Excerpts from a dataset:
※

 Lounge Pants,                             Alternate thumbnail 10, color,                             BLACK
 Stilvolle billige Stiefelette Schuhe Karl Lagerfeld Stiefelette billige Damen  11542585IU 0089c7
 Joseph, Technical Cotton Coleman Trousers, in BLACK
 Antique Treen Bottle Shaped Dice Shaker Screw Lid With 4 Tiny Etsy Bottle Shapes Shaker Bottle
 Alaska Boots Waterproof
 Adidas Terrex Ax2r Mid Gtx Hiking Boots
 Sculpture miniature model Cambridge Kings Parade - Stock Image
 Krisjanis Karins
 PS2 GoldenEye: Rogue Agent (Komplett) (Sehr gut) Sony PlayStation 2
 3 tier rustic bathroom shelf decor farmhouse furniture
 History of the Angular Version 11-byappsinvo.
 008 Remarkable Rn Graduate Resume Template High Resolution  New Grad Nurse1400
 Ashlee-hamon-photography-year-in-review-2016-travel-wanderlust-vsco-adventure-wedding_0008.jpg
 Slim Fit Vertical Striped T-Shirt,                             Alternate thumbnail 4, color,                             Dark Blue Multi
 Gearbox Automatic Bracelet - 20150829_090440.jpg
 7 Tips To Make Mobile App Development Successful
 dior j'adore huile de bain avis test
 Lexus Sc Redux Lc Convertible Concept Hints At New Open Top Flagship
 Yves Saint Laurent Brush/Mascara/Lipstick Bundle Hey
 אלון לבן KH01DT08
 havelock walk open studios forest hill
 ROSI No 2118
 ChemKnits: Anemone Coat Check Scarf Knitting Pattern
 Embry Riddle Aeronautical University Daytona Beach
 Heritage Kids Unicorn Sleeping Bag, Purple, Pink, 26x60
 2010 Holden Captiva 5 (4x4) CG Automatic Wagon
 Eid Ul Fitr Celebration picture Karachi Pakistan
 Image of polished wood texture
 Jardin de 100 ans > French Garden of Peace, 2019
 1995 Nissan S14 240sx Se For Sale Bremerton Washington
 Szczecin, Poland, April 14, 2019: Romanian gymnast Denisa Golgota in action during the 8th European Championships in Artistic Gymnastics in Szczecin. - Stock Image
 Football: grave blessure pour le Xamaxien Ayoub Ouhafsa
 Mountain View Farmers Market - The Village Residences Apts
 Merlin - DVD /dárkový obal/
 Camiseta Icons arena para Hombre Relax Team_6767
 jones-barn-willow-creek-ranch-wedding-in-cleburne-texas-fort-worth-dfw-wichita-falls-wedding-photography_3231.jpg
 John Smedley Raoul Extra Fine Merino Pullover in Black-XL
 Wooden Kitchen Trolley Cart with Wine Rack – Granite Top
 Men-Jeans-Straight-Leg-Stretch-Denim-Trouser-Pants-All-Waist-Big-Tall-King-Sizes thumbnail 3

※

Nothing but lines that contain "color" should appear in the answer. Copy each from the records.

 Lounge Pants,                             Alternate thumbnail 10, color,                             BLACK
 Slim Fit Vertical Striped T-Shirt,                             Alternate thumbnail 4, color,                             Dark Blue Multi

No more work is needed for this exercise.